The reply must contain exactly the lines below from the one with "Usher was seen" down to the one with "Oversized Jumpsuit Linen", both included, and nothing more; please omit the pictures.

## Provided material:
_ _ _ _ _ _ _

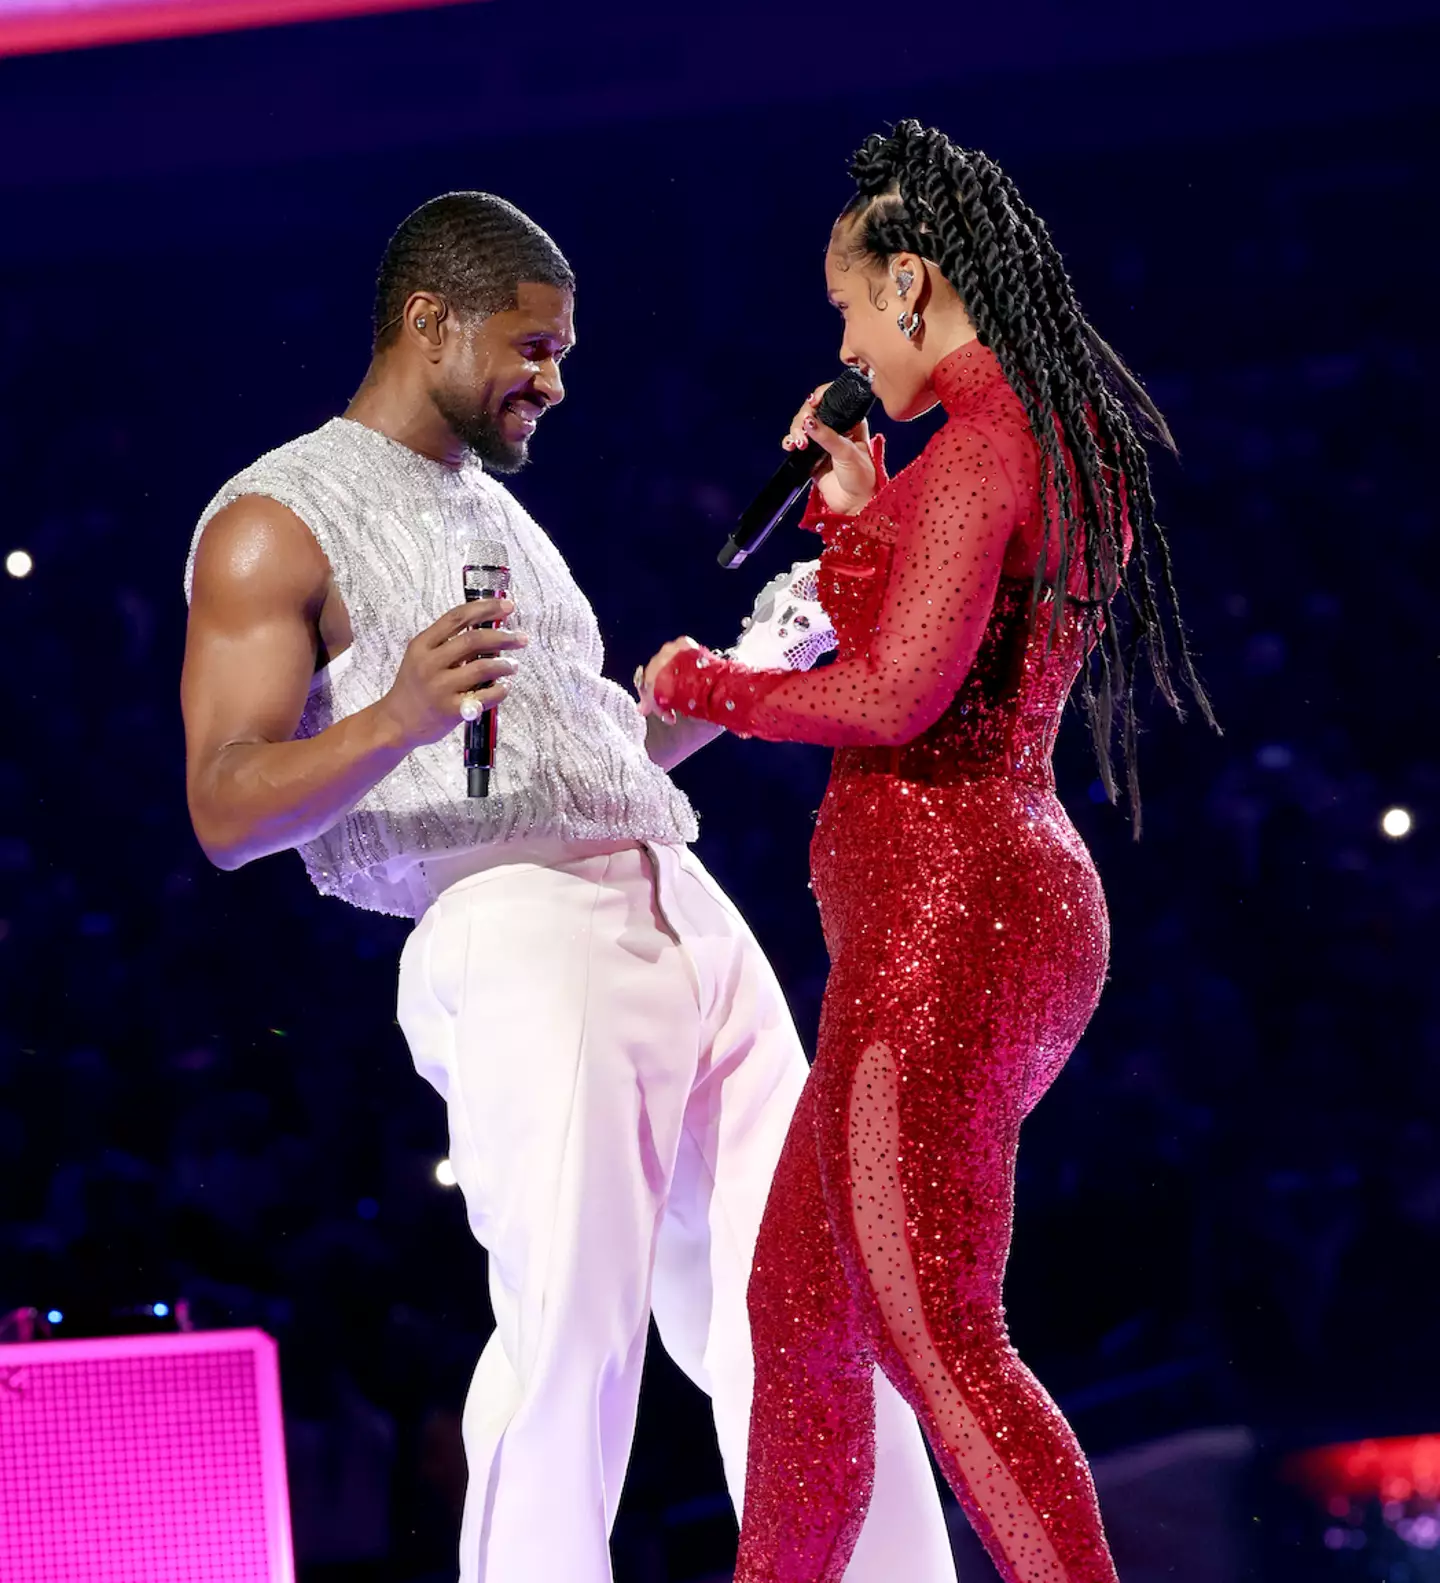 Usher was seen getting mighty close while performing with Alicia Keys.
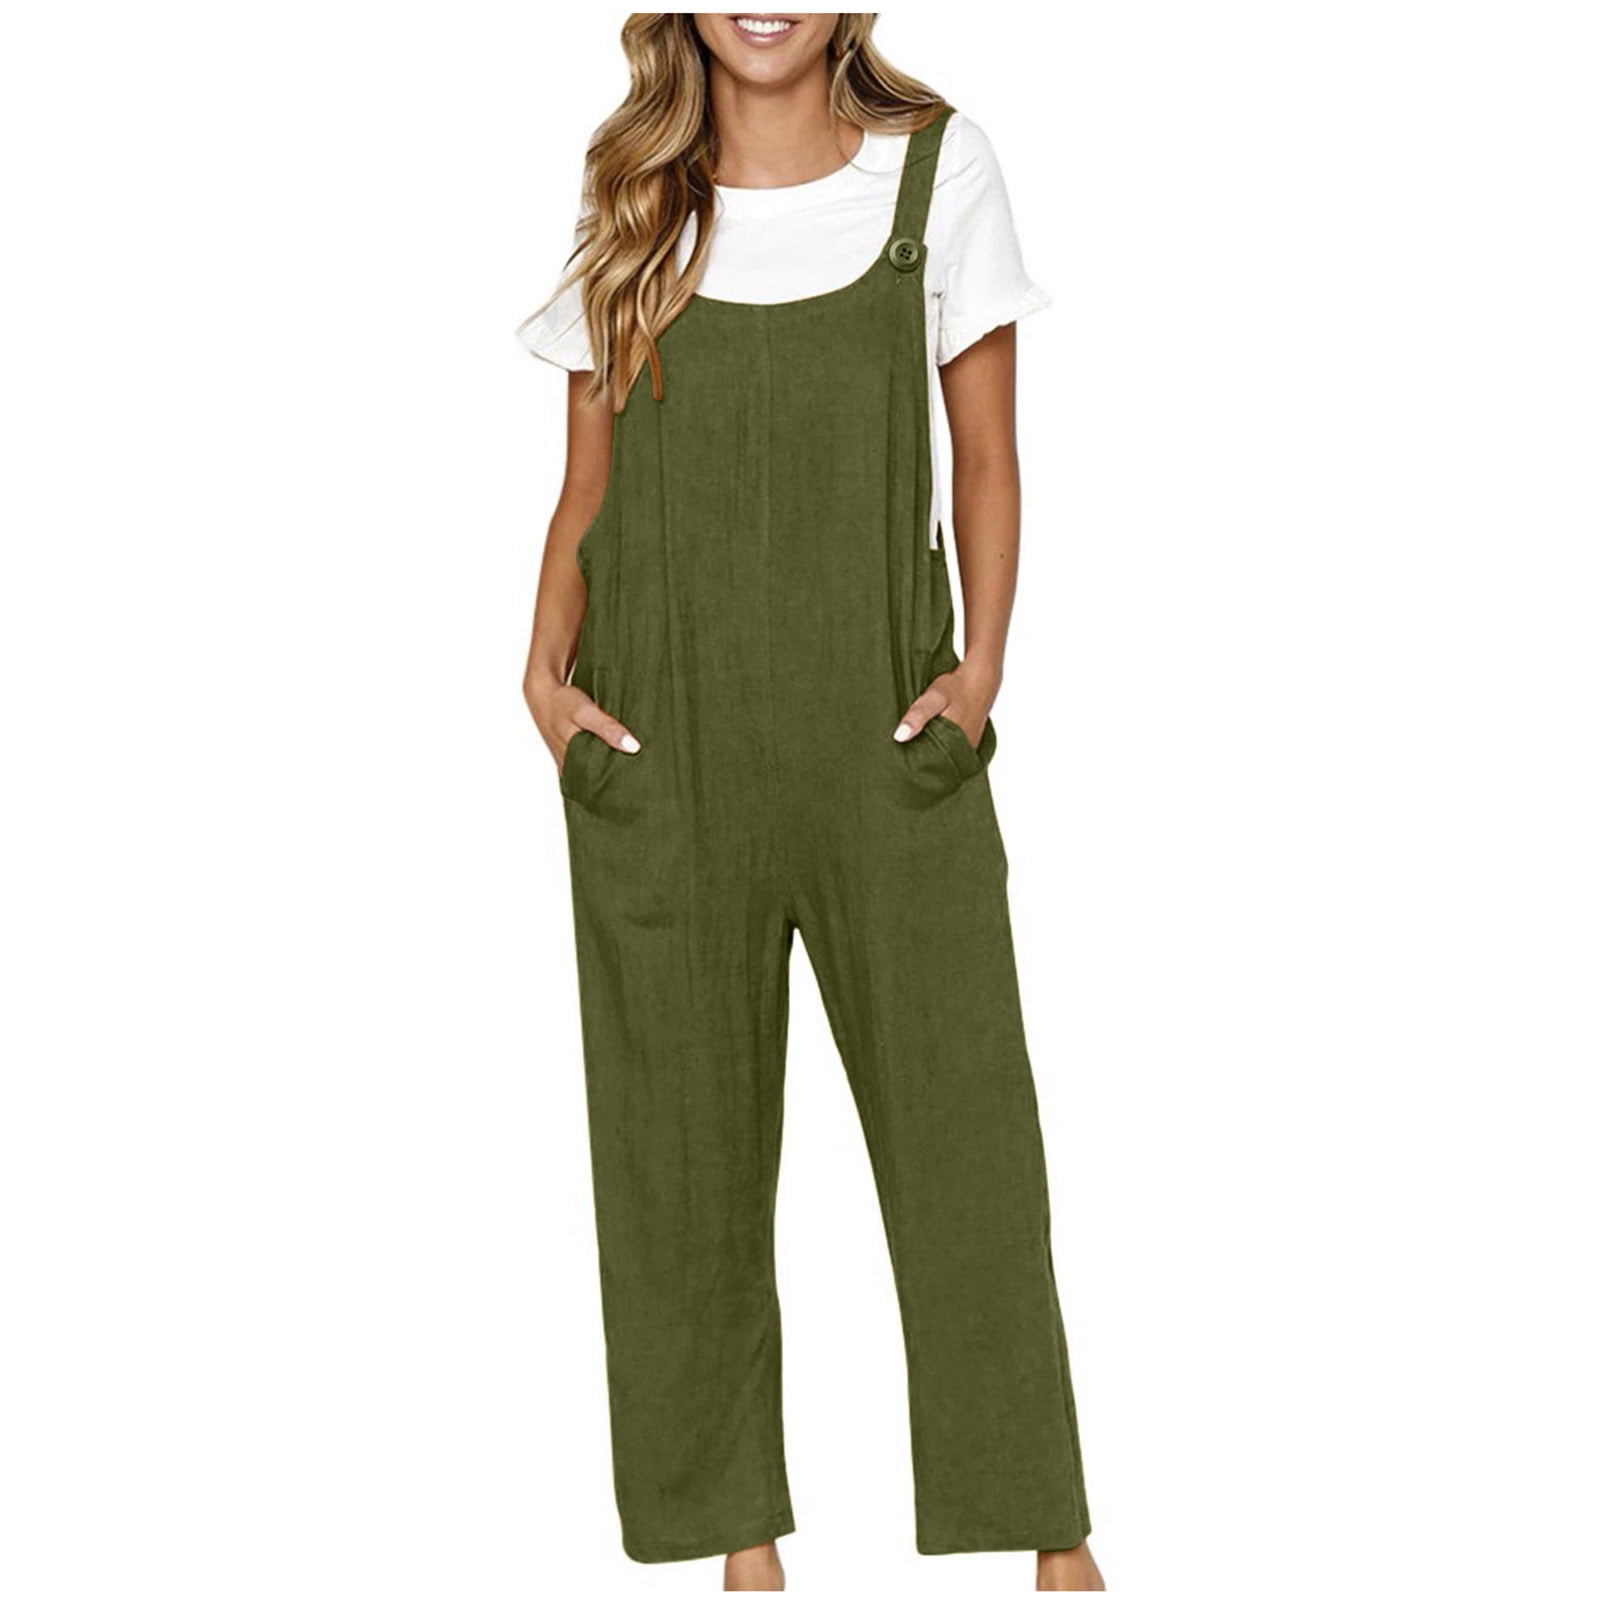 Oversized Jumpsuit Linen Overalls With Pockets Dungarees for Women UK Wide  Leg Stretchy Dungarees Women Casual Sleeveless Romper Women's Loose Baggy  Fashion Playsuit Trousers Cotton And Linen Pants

_ _ _ _ _ _ _

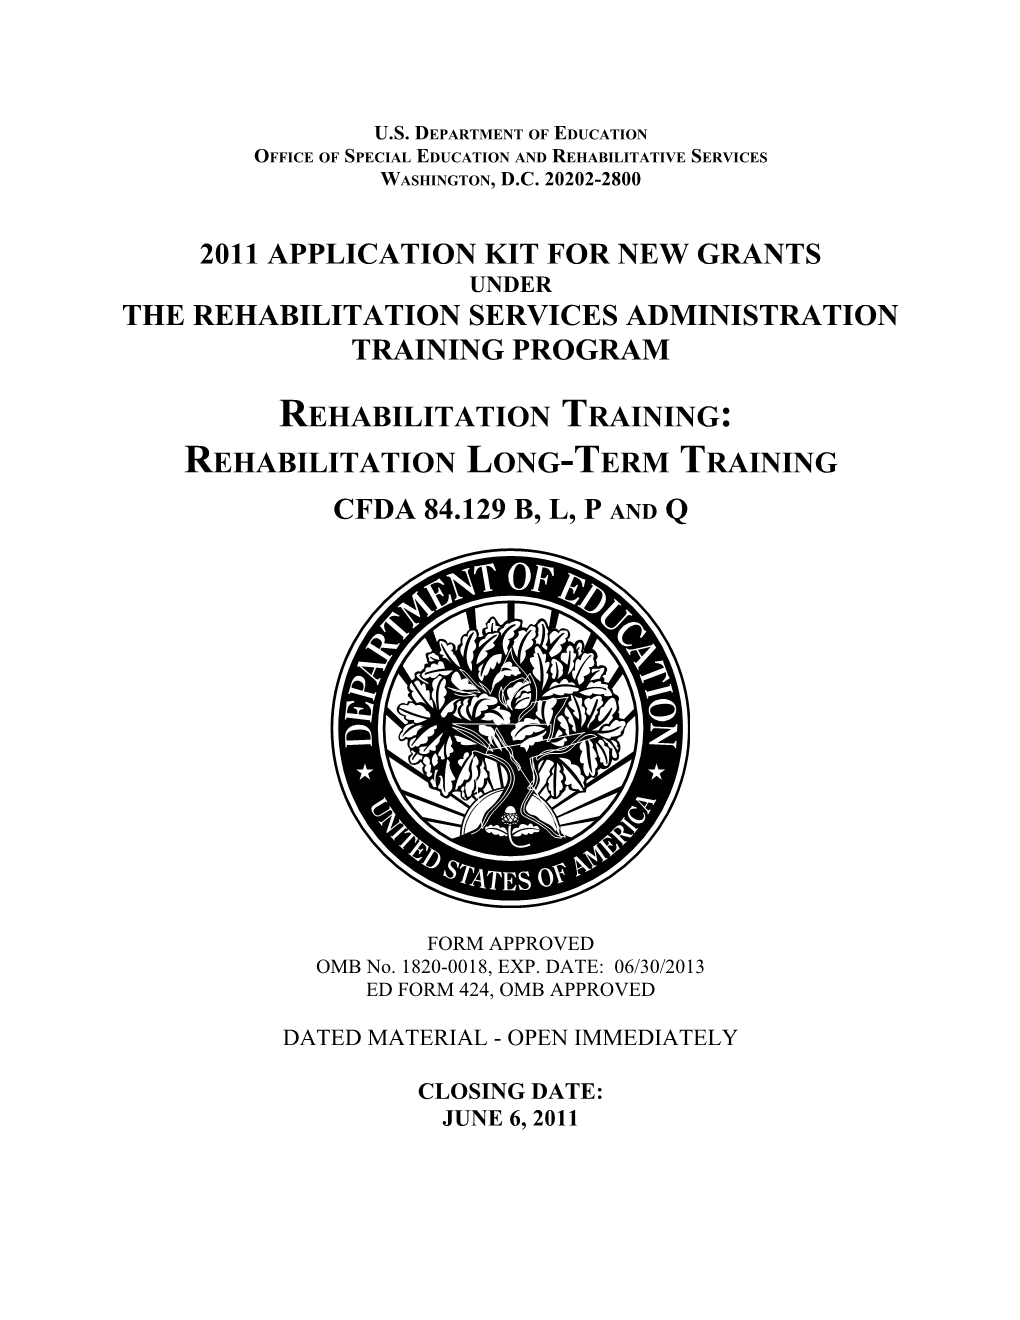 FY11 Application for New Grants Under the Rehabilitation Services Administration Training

_ _ _ _ _ _ _

## Result:
 Usher was seen getting mighty close while performing with Alicia Keys.
 Oversized Jumpsuit Linen Overalls With Pockets Dungarees for Women UK Wide  Leg Stretchy Dungarees Women Casual Sleeveless Romper Women's Loose Baggy  Fashion Playsuit Trousers Cotton And Linen Pants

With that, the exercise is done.